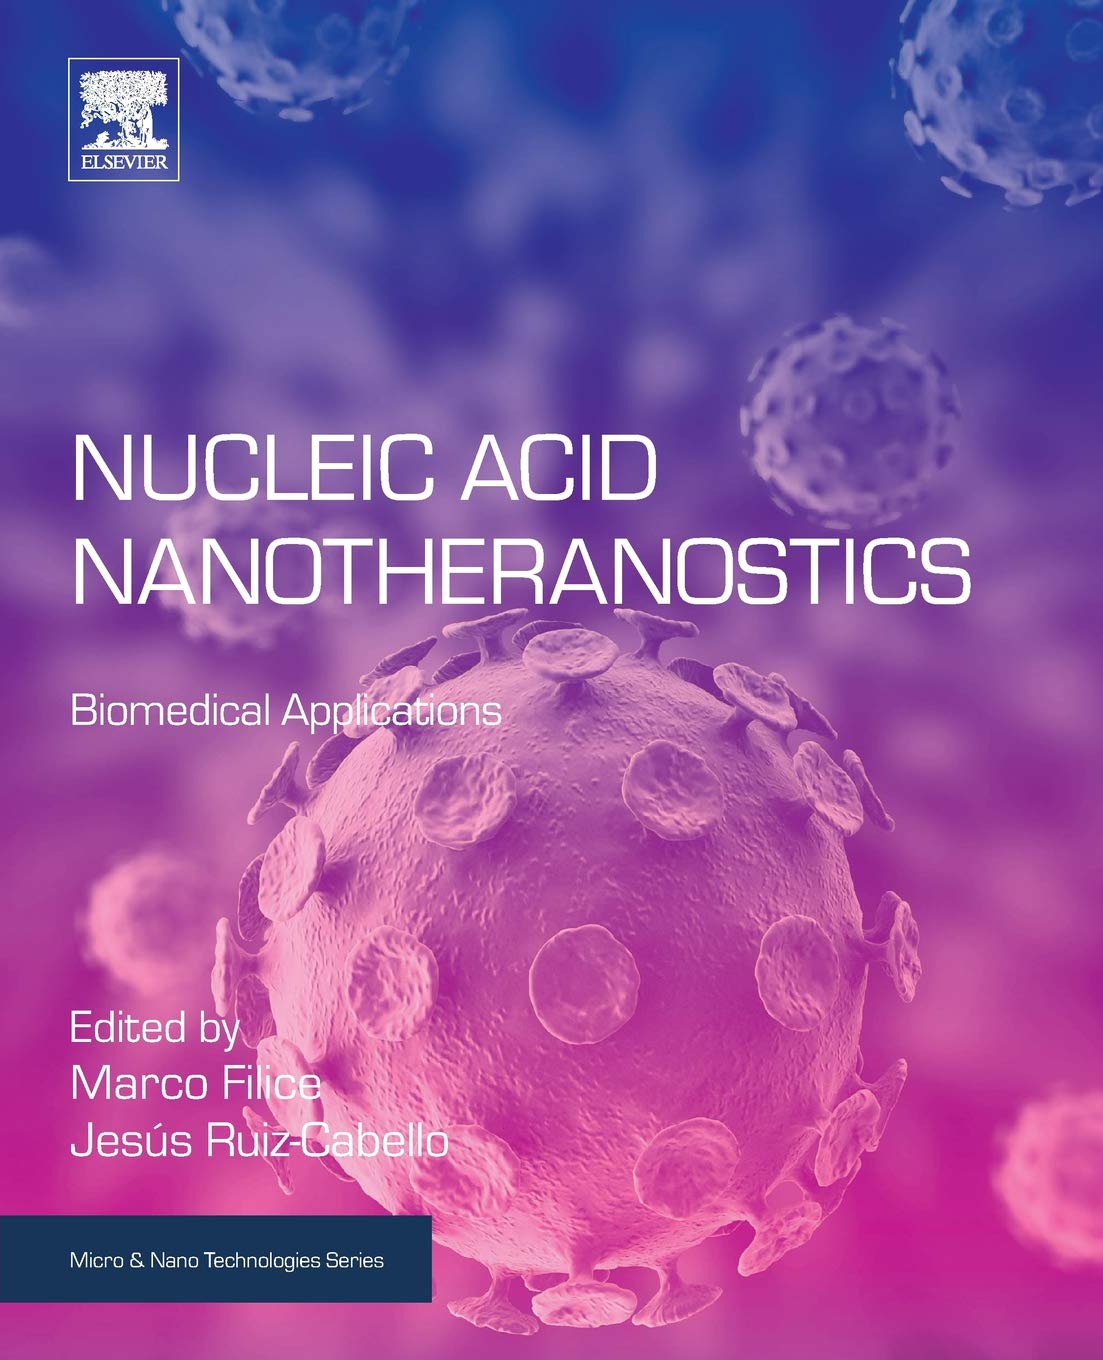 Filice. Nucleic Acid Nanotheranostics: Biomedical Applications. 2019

--

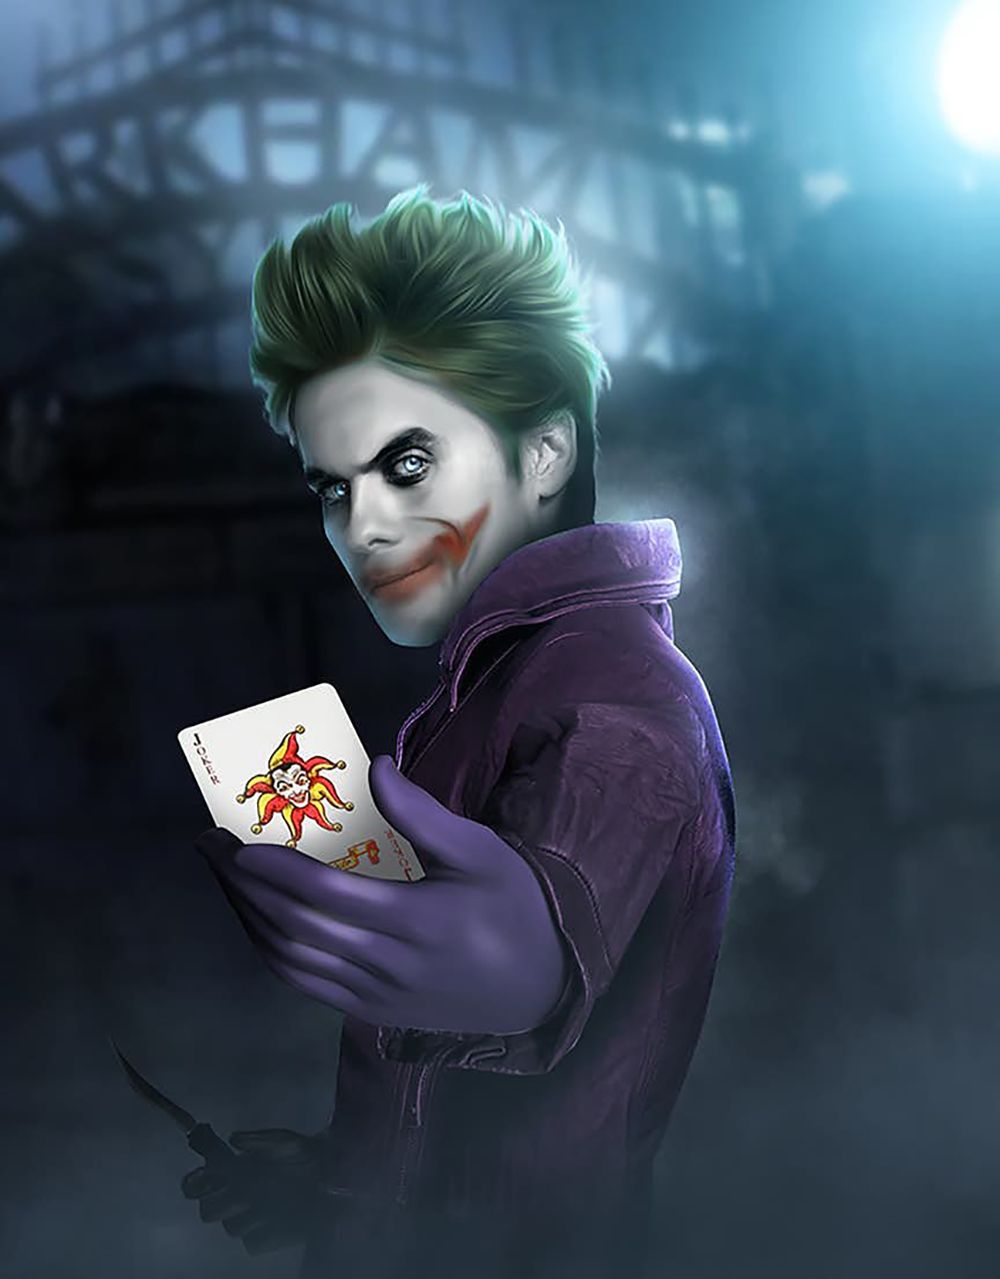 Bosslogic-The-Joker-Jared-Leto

--

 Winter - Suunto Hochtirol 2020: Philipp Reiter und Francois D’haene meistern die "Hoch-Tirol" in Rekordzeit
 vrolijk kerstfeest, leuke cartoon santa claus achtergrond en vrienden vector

--

The entries above hold a line with "Winter - Suunto" and a later line with "vrolijk kerstfeest, leuke". Write out exactly those lines and all lines between, nothing more.

- Response
 Winter - Suunto Hochtirol 2020: Philipp Reiter und Francois D’haene meistern die "Hoch-Tirol" in Rekordzeit
 vrolijk kerstfeest, leuke cartoon santa claus achtergrond en vrienden vector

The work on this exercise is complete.